About this speech

  • Title: Annual Address to the Regent House
  • Speaker: Professor Alison Richard, Vice-Chancellor
  • Date: 1 October 2007

Speech transcript

Introduction

The University of Cambridge is a place, a community, and an institution. It is also a pervasive presence in the world. This morning I want to talk about that presence, and about the opportunities, questions and tensions to which it gives rise.

Over the centuries, with startling frequency, Cambridge academics and their students have changed the world through their ideas and work. The primary role of the institution in their activities has been to provide material and intellectual support along the way. I cannot imagine this changing: transforming ideas come from exceptional individuals, not institutions.

Yet Cambridge is rapidly acquiring a more considered sense of its institutional role in the worldi. This development is driven by several factors, not least the invention of league tables, which use metrics and surveys first to reify universities as institutions and then to pit them one against the otherii. Success in these tables is of particular interest to prospective students, and of course to Government, which funds much of our activity in the reasonable expectation of economic and other returns.

But the roots of the new prominence of institutions lie deeper. For most of our eight hundred years, travel was slow, communication difficult, and Cambridge was one of a handful of universities anywhere. No more. Our fen is much less distant from the rest of the world than once it was, and institutional opportunities for competition and cooperation burgeon.

The signs of worldwide competition are everywhere. British education is considered a "global brand", with the value of education and training exports to the UK economy reckoned at nearly £28 billioniii. At the same time, the dominance of US universities in league tables is said to carry a "stark message"iv; we are in a global "war for talent"v, and so on.

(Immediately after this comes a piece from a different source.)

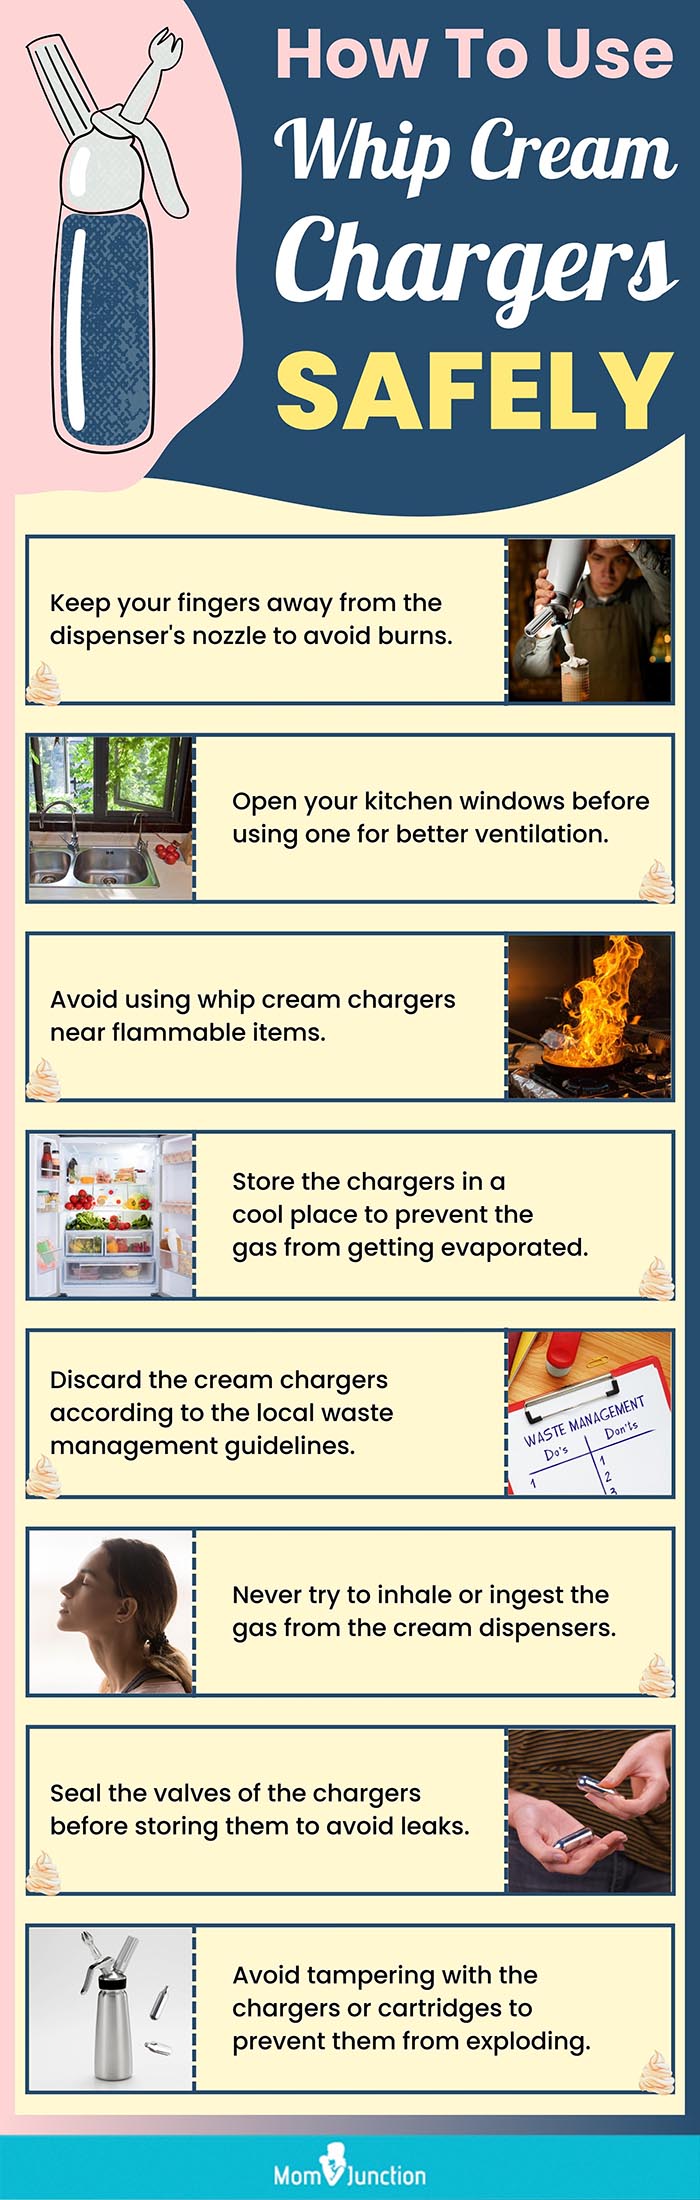 https://www.momjunction.com/wp-content/uploads/2023/02/How-To-Use-Whip-Cream-Chargers-Safely.jpg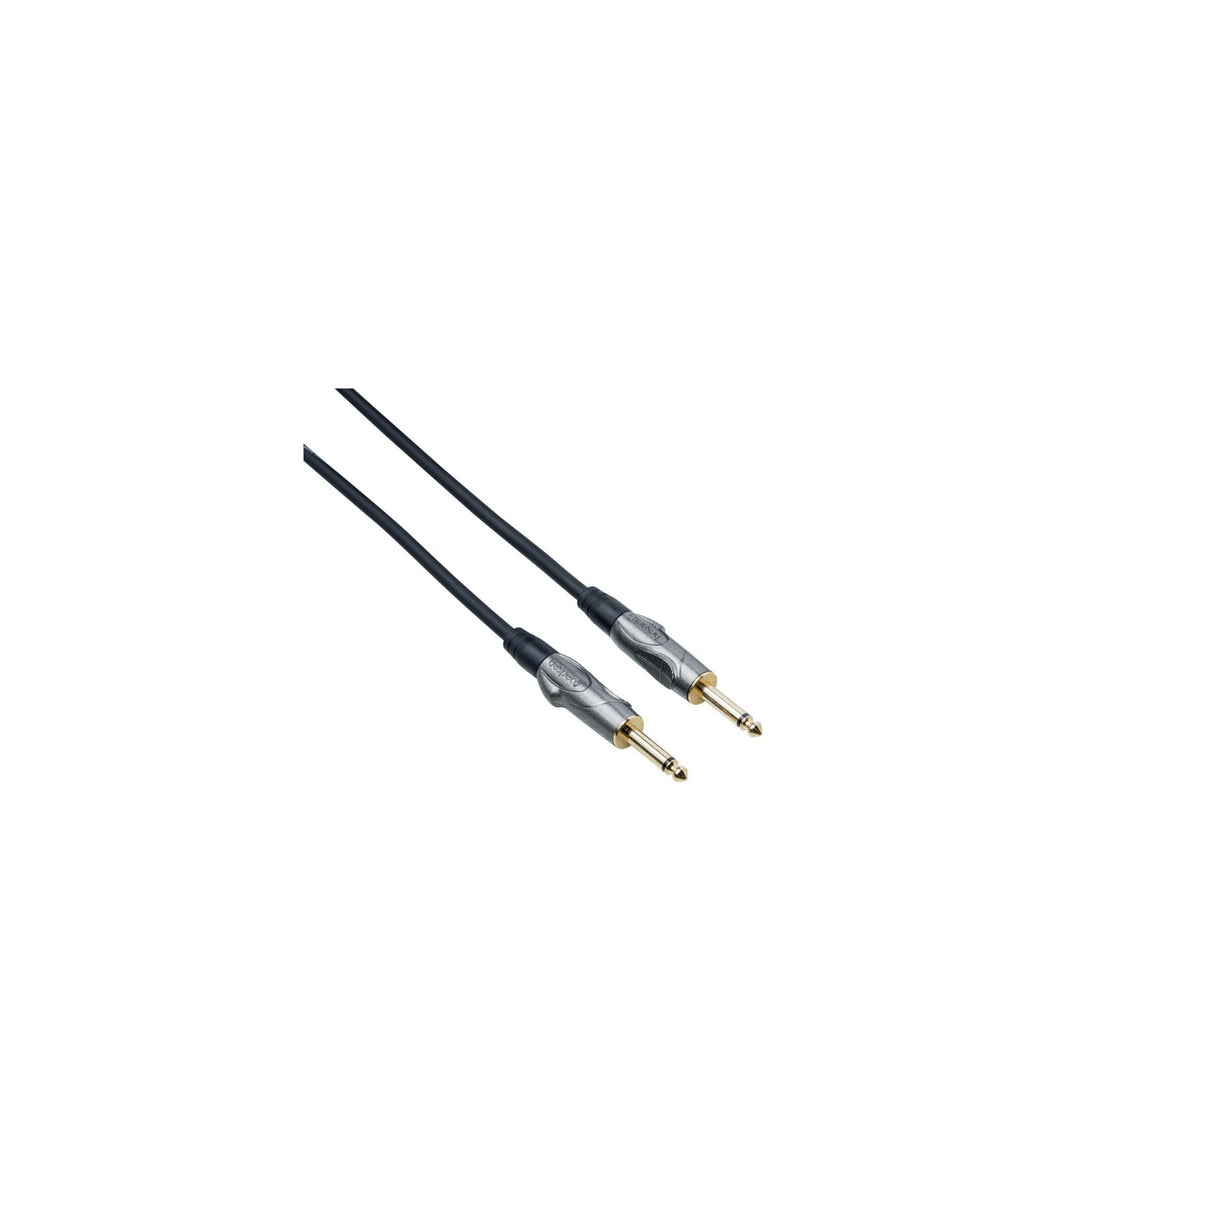 Bespeco TT450 Titanium Series Straight Angle 1/4 Inch to 1/4 Inch Guitar Cable, 13 Foot

The facts and the prose, with its splashes of military language, conjure up a lurid image of universities in society. To be sure, we must pay attention to these trends and how they may affect our day-to-day activity and future plans. But Cambridge is also part of an increasingly cooperative international community, and as an institutional focus this should be at least the equal of competition. Cooperation opens up educational opportunities for students and supports a growing number of academic collaborations across national boundaries. Universities learn from one another by sharing expertise and comparing experiences; and sometimes cooperation arises simply out of the desire to help.

Against this backdrop, I will consider three questions, each of consequence for institutional action. First, is it possible or desirable for Cambridge to remain a British university when more and more of our activity is international in scope and impact? Second, how does the fact of our attachment to this place – our geography – shape or constrain our international activity? Third, as we bring the world to Cambridge, recruiting staff and students from the four corners of the earth, should we also do more to bring Cambridge to the world?

A question of identity

In what sense are we still a Britishvi university, and should we strive to remain so in the face of the world's growing interconnectedness?

The Cambridge University community is preponderantly British: 75% of our academic staff are British, 85% of our undergraduates, and almost 50% of our postgraduates. Collegiate Cambridge remains deeply committed to the education of outstanding British students, and is singularly well equipped by its past and its present to support scholars and students in tasks of particular importance to the evolution of cultural identity. These tasks include inquiry into history, the creation of new cultural wealth, and providing insight into the ways we identify ourselves and fit in a world where many cultures interact on a daily basis. As Stefan Collini writesvii in his recent exploration of the role of intellectuals in 20th century Britain, "…countless acts of reading, thinking, speaking, and listening…unseen by history, make and unmake cultural patterns…" Collini argues that "the least we can do, though it is no small thing, is to understand and possess our own history."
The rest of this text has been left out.